Purpose: To demonstrate that (125)I seeds can be localized in transrectal ultrasound (TRUS) images obtained with a high-resolution probe when the implant is performed with linked seeds and spacers. Adequate seed localization is essential to the implementation of TRUS-based intraoperative dosimetry for prostate brachytherapy.
Methods and materials: Thirteen preplanned peripherally loaded prostate implants were performed using (125)I seeds and spacers linked together in linear arrays that prevent seed migration and maintain precise seed spacing. A set of two-dimensional transverse images spaced at 0.50-cm intervals were obtained with a high-resolution TRUS probe at the conclusion of the procedure with the patient still under anesthesia. The image set extended from 1.0 cm superior to the base to 1.0 cm inferior to the apex. The visible echoes along each needle track were first localized and then compared with the known construction of the implanted array. The first step was to define the distal and proximal ends of each array. The visible echoes were then identified as seeds or spacers from the known sequence of the array. The locations of the seeds that did not produce a visible echo were interpolated from their known position in the array. A CT scan was obtained after implantation for comparison with the TRUS images.
Results: On average, 93% (range, 86-99%) of the seeds were visible in the TRUS images. However, it was possible to localize 100% of the seeds in each case, because the locations of the missing seeds could be determined from the known construction of the arrays. Two factors complicated the interpretation of the TRUS images. One was that the spacers also produced echoes. Although weak and diffuse, these echoes could be mistaken for seeds. The other was that the number of echoes along a needle track sometimes exceeded the number of seeds and spacers implanted. This was attributed to the overall length of the array, which was approximately 0.5 cm longer than the center-to-center distance between the first and last seed owing to the finite length of the seeds at the ends of the array. When this occurred, it was necessary to disregard either the most distal or most proximal echo, which produced a 0.5-cm uncertainty in the location of the array in the axial direction. For these reasons, simply localizing the visible echoes in the TRUS images did not guarantee the reliable identification of the seeds.

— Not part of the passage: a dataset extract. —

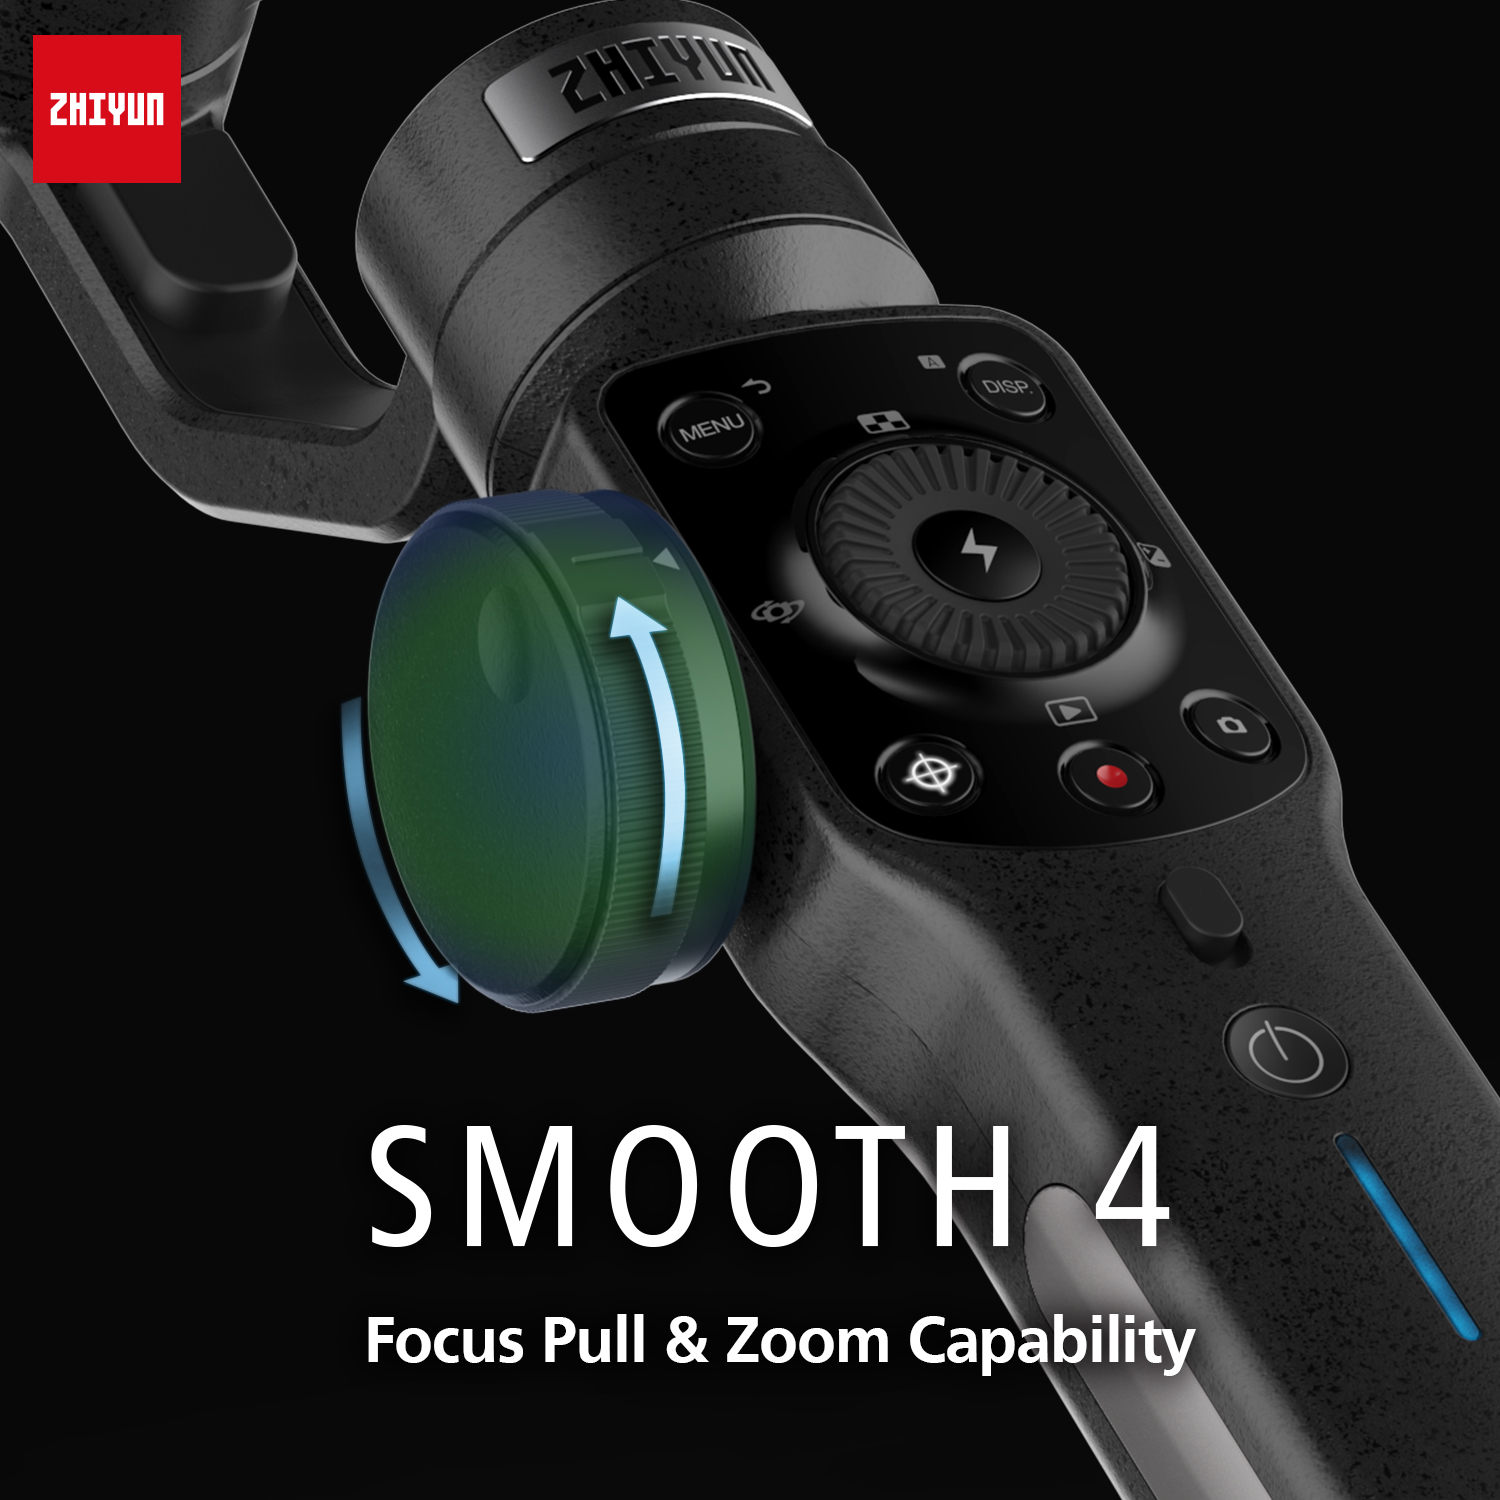 Zhiyun smooth 4 3-axis handheld smartphone gimbal stabilizer for iphone xs xr x 8plus 8 7p 7 samsung s9 s8 s7 & action camera
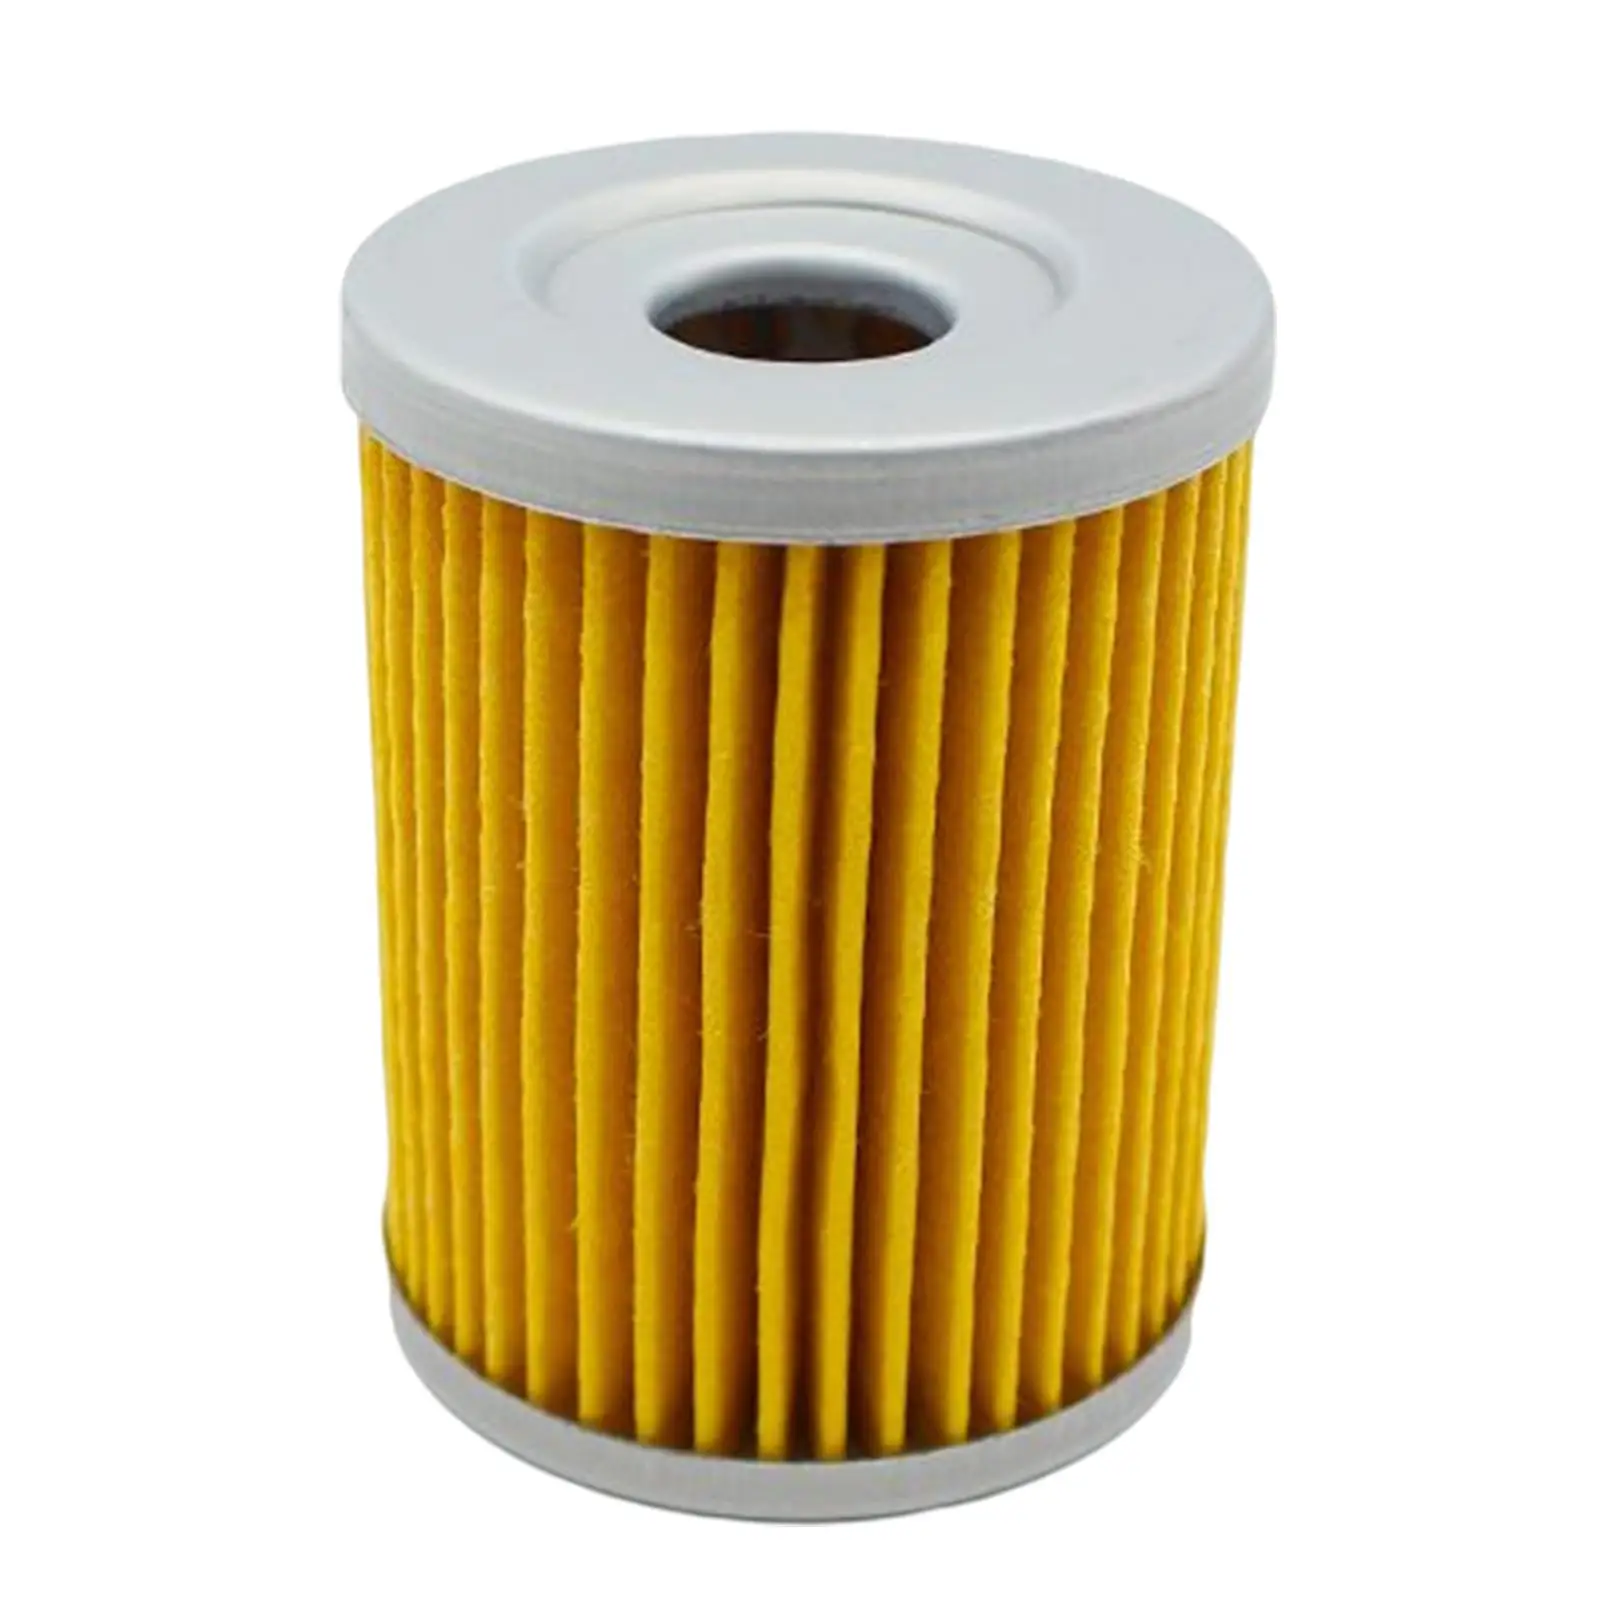 Motorcycle Oil Filter Replace Parts for 250 300 YP400 AN 250 Majesty Klx125 Durable Premium

Conclusion: Our results have demonstrated that a high percentage (>85%) of the implanted (125)I seeds can be directly visualized in postimplant TRUS images when the seeds and spacers are linked to preclude seed migration and rotation and when the images are obtained with a high-resolution TRUS probe. Moreover, it is possible to localize 100% of the seeds with the mechanism of linked seeds because the locations of the missing seeds can be determined from the known construction of the arrays.